PURPOSE:To obtain an antistatic thermoplastic resin composition having excellent weld strength and permanent antistatic performance. CONSTITUTION:100 pts.wt. total amount of (A) 92-50 pts.wt. rubber reinforced styrenic resin (e.g. ABAS resin or MBS resin), (B), 3-30 pts.wt. polyethylene oxide having preferably >=1,500,000, preferably 2,000,000-4,000,000 average molecular weight and (C) 5-45 pts.wt. metacrylic resin is blended with (D) 0-5 pts.wt. alkali metal salf (e.g. lithium chloride or lithium bromide).

Description

[Detailed description of the invention]

0001

BACKGROUND OF THE INVENTION 1. Field of the Invention The present invention relates to a thermoplastic rubber-reinforced styrenic resin composition having good weld strength and permanent antistatic properties.

0002

[Prior art and problems] ABS resin and HIPS
Rubber-reinforced styrene resins such as (high-impact polystyrene) have excellent moldability, a balance between impact strength and rigidity, and the appearance of molded products, and are widely used as materials for automobile parts, electrical products, office equipment, etc.

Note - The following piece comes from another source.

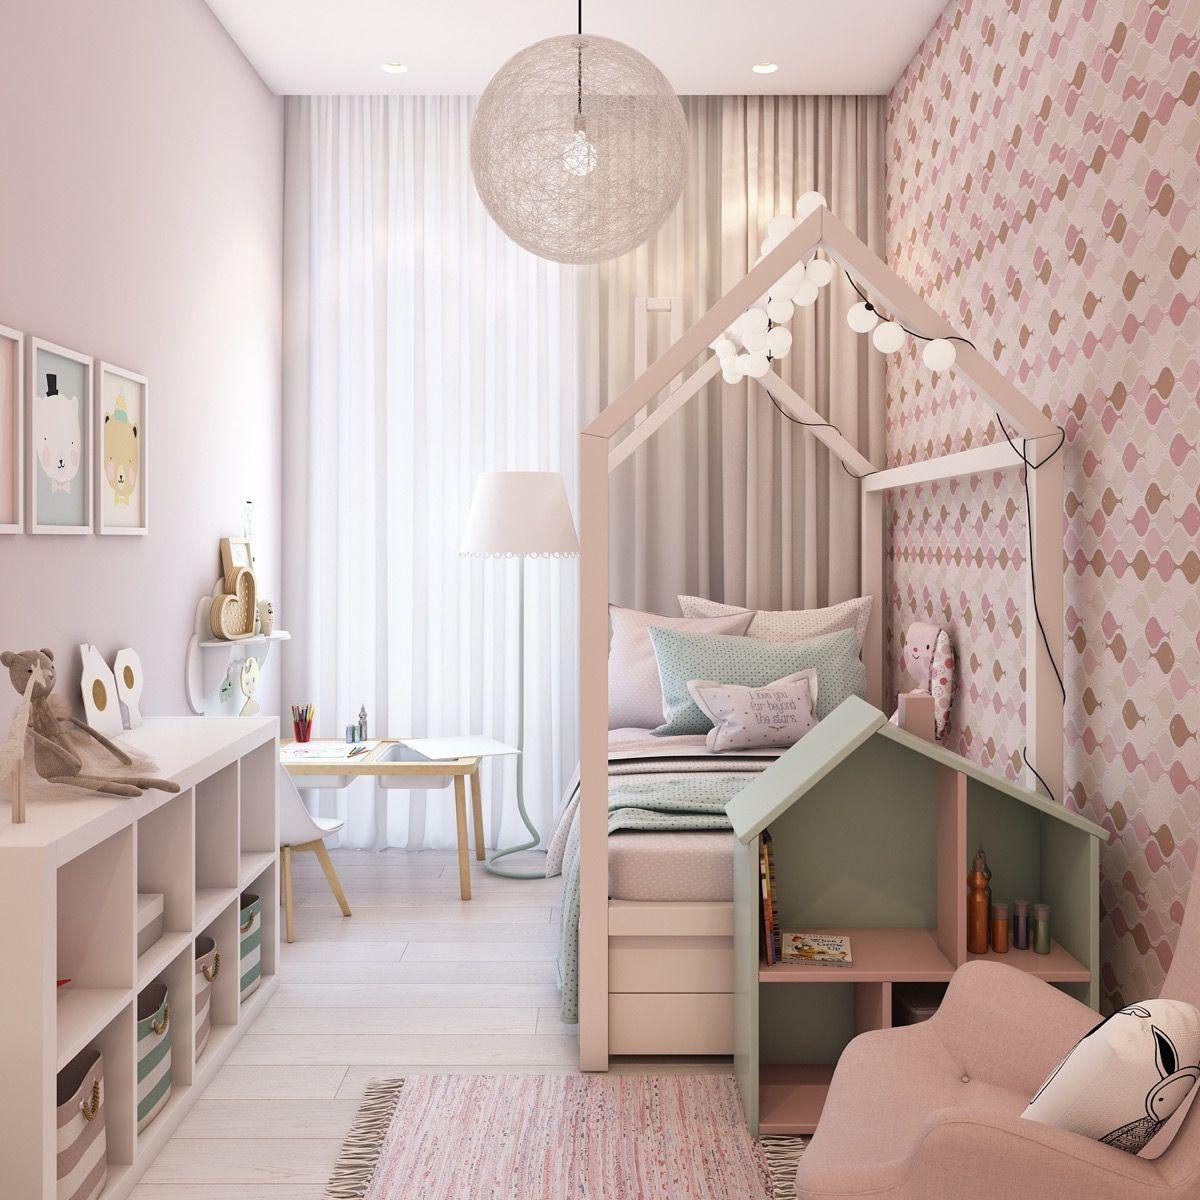 Ein Kinderzimmer Modern Und Originell Zu Gestalten Ist Eine Spannende Aufgabe Bei Der Die Heranwachsenden Miteinbezogen Werden Mussen Ruckzugsort Wo

However, like other plastics, rubber-reinforced styrene-based resins are easily charged with electricity, and dirt and dust are attracted to the surface of the molded product, damaging the appearance of the molded product.In addition, in the case of electronic equipment, the charged electricity can cause damage. There was a problem of giving.

[0004] As a conventional antistatic method, it is common to add an antistatic agent to a rubber-reinforced styrene resin, but this method has a problem in that the antistatic effect is insufficiently durable.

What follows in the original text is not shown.